## Problem to solve
Line by line, print the records exactly as they are, dropping the pictures.
Source material below:
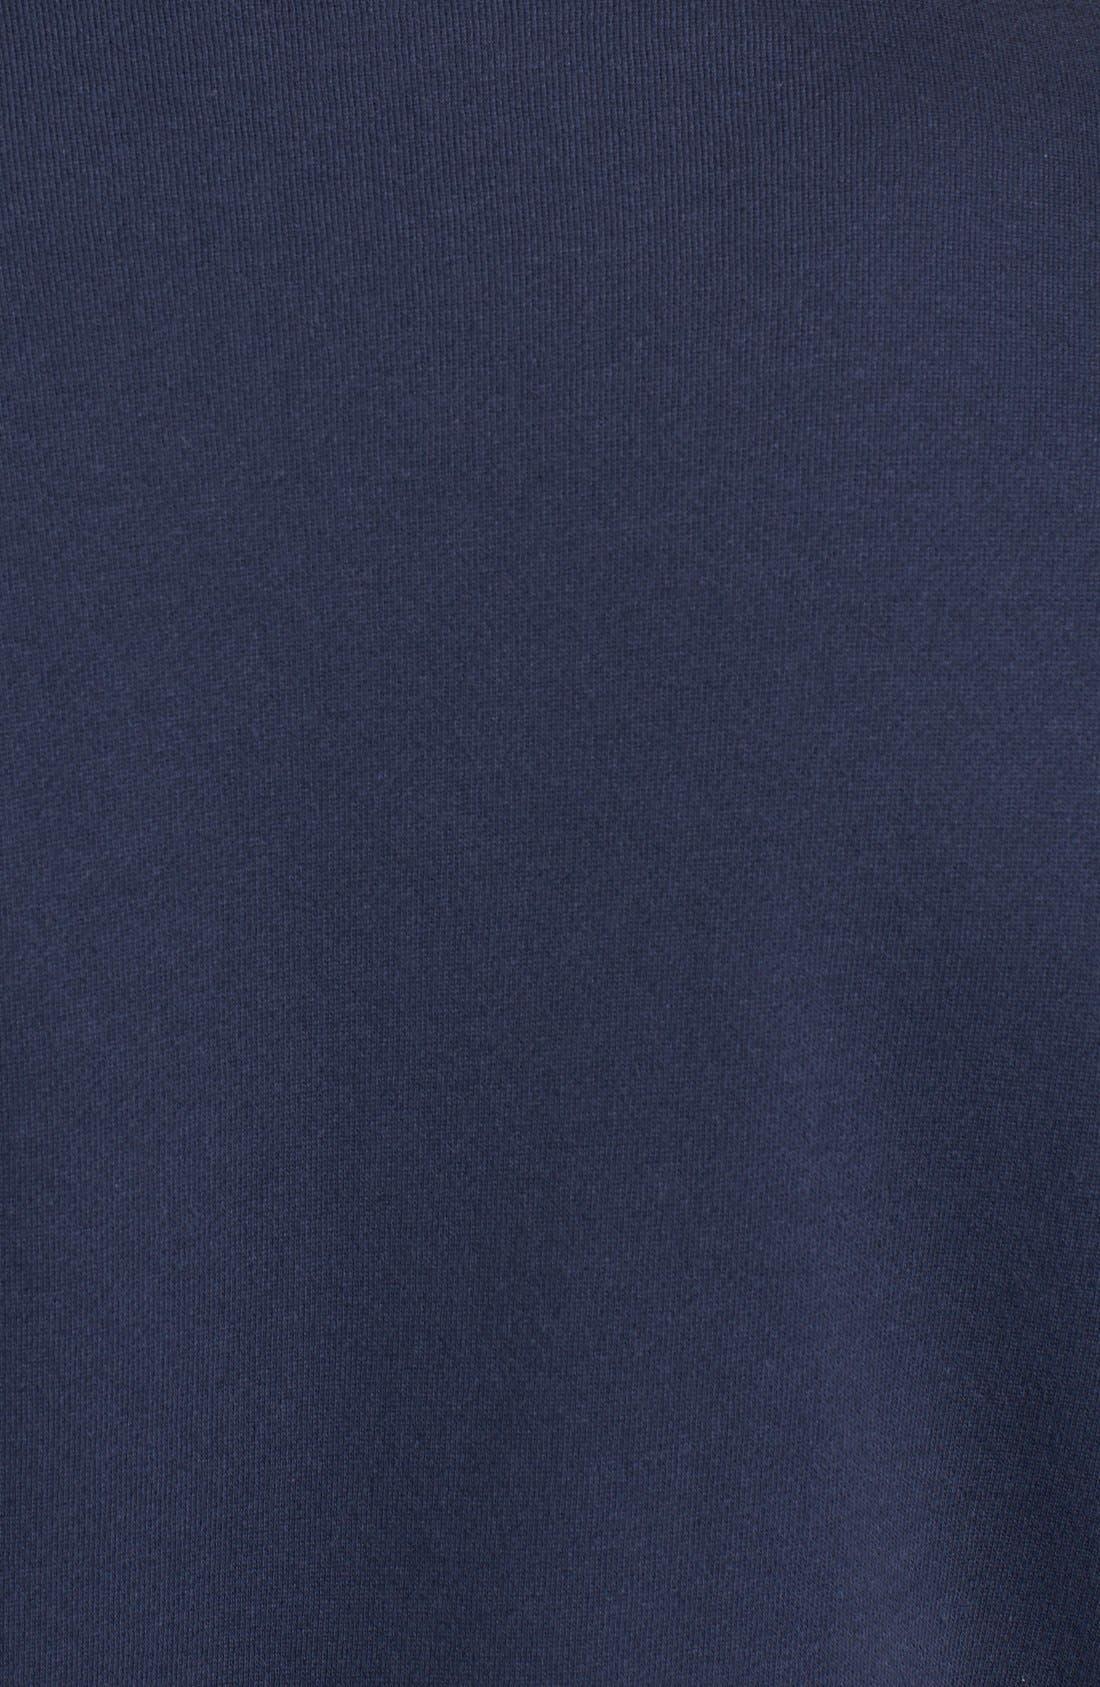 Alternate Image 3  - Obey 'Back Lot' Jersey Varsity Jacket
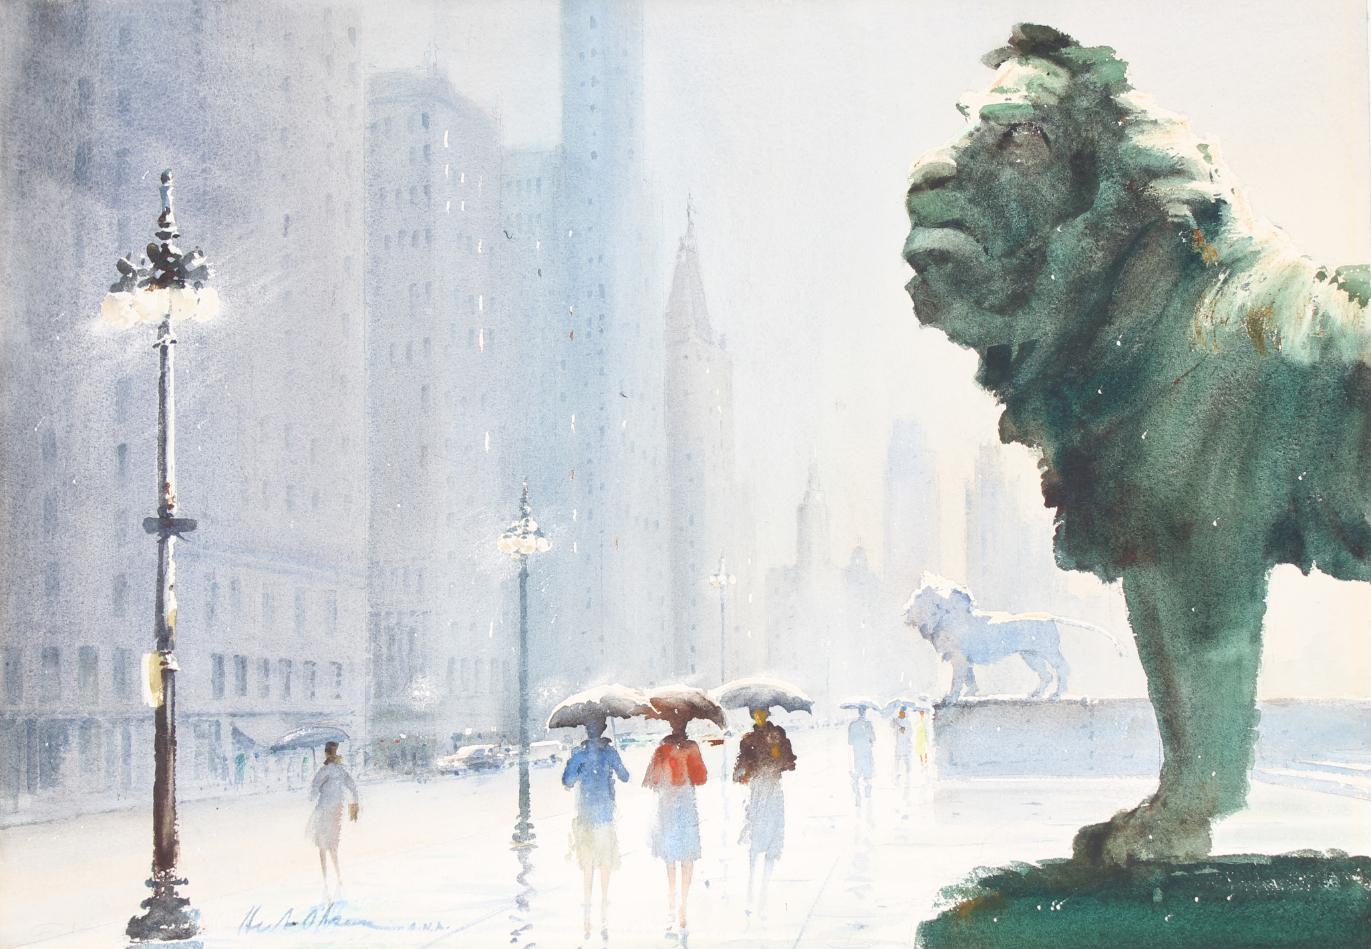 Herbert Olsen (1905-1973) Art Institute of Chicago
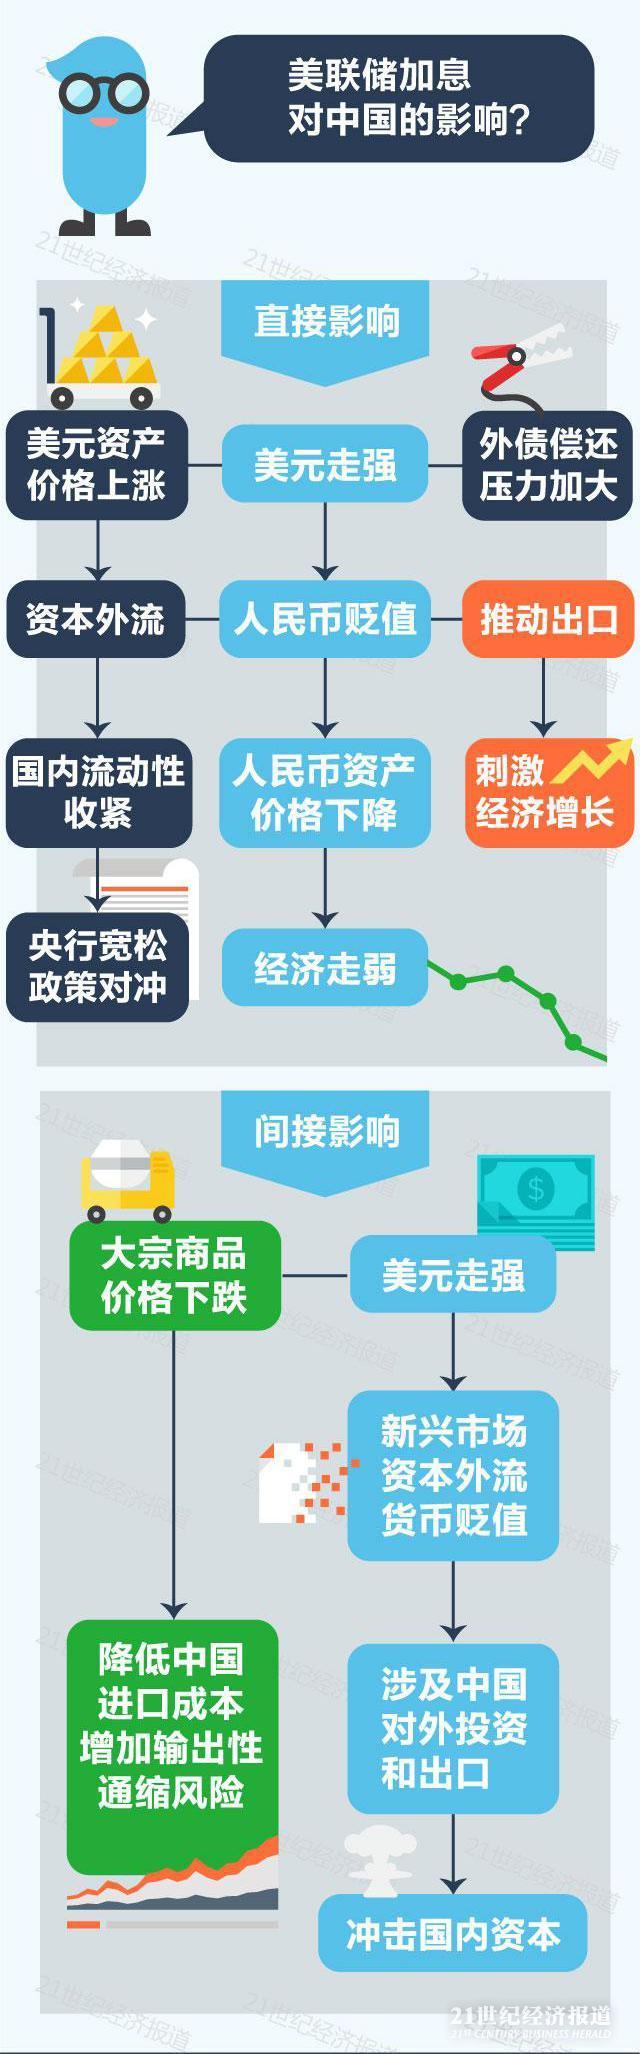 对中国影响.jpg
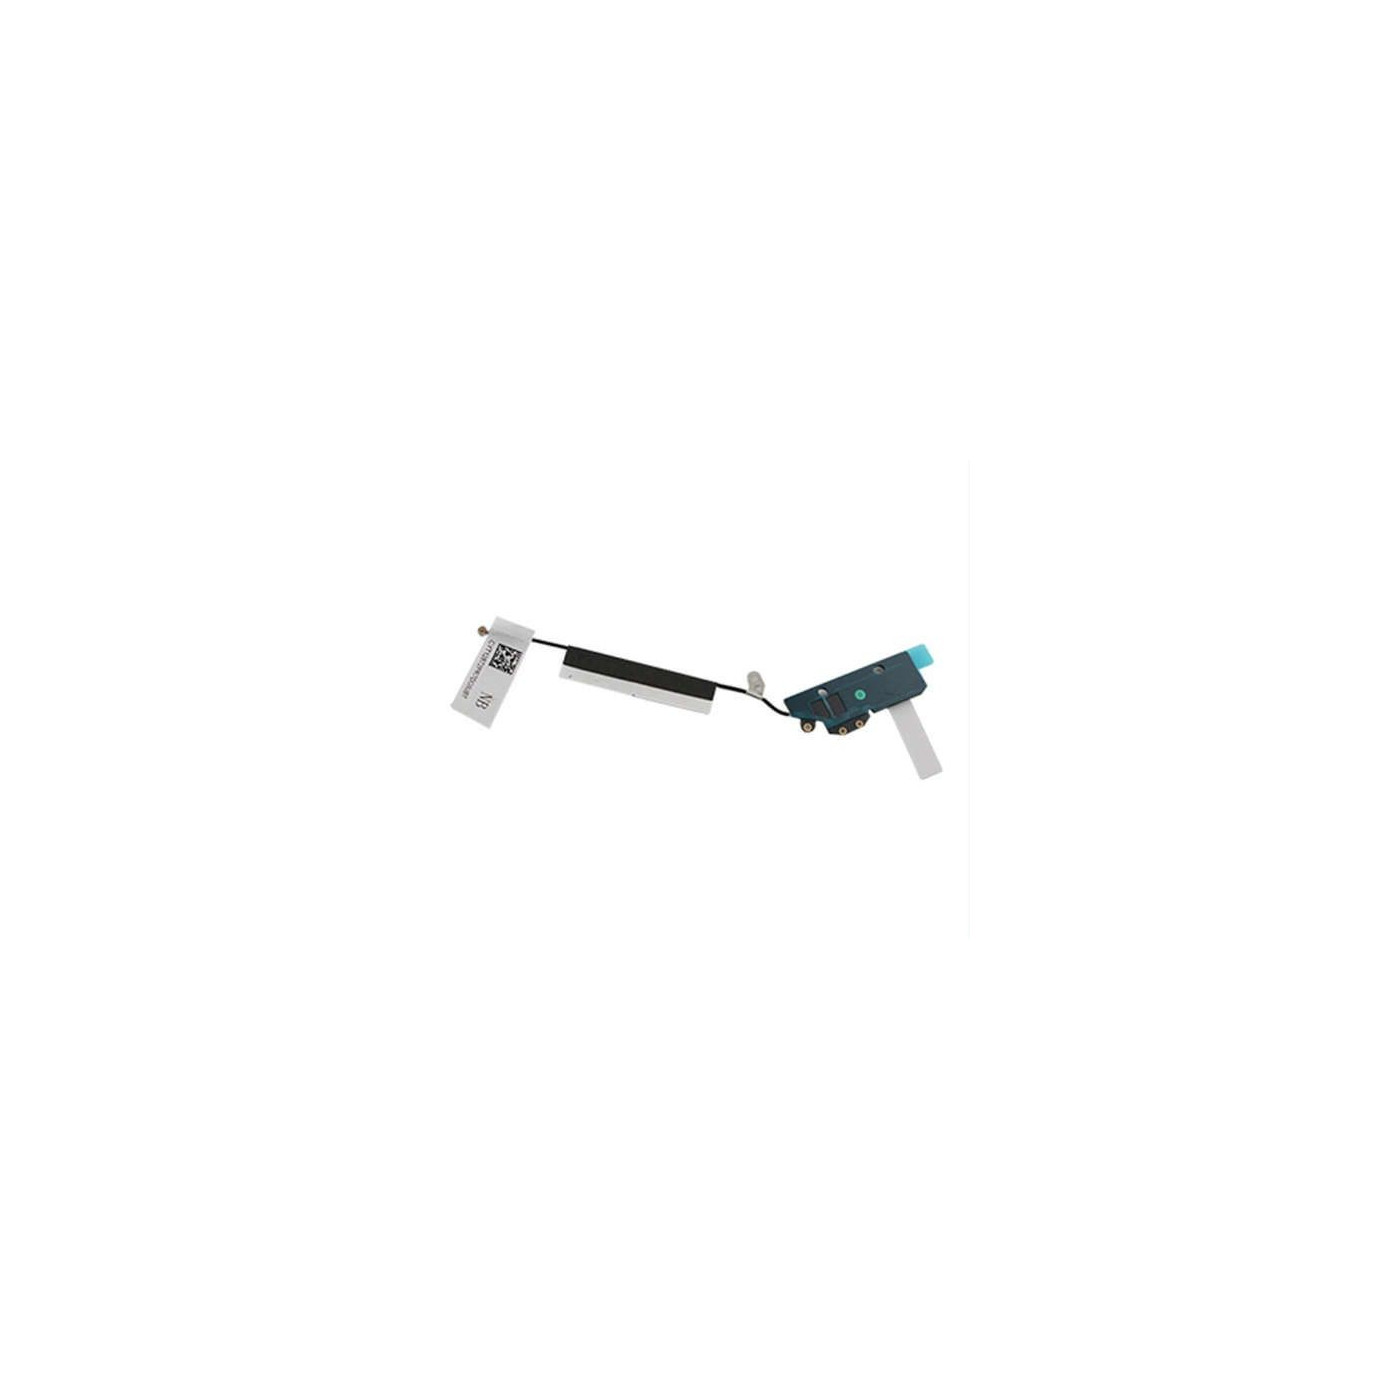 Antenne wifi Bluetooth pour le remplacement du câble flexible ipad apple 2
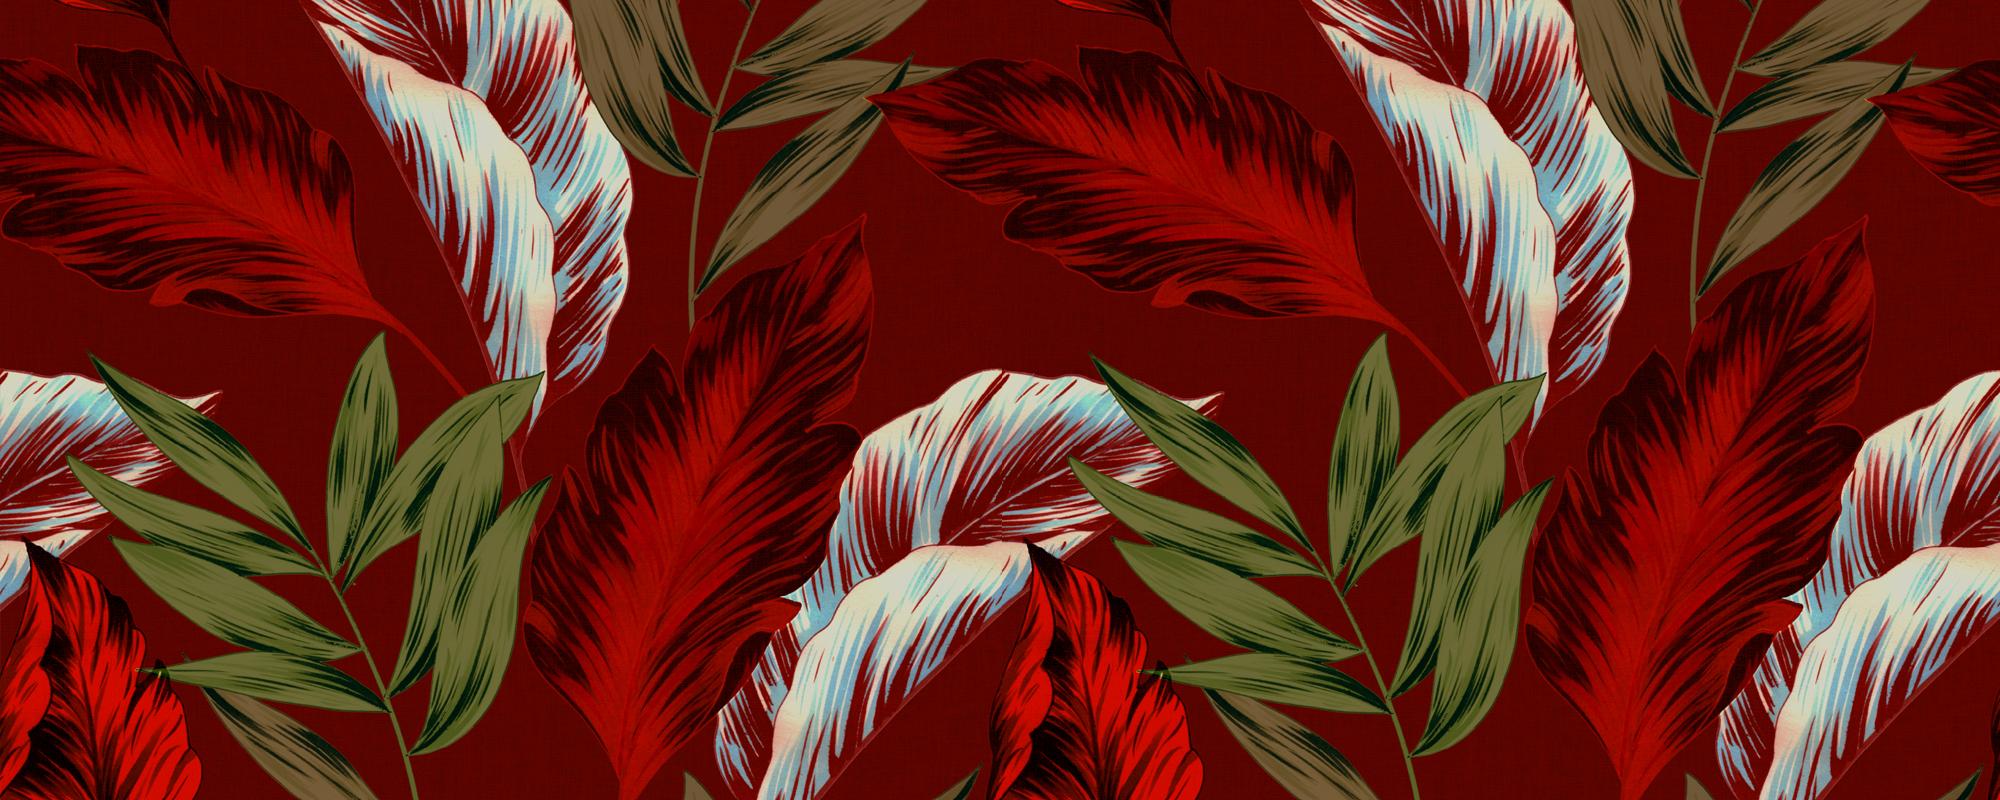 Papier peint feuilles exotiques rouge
End of Source material.
## Result for this task
 Alternate Image 3  - Obey 'Back Lot' Jersey Varsity Jacket
 Herbert Olsen (1905-1973) Art Institute of Chicago
 对中国影响.jpg
 Antenne wifi Bluetooth pour le remplacement du câble flexible ipad apple 2
 Papier peint feuilles exotiques rouge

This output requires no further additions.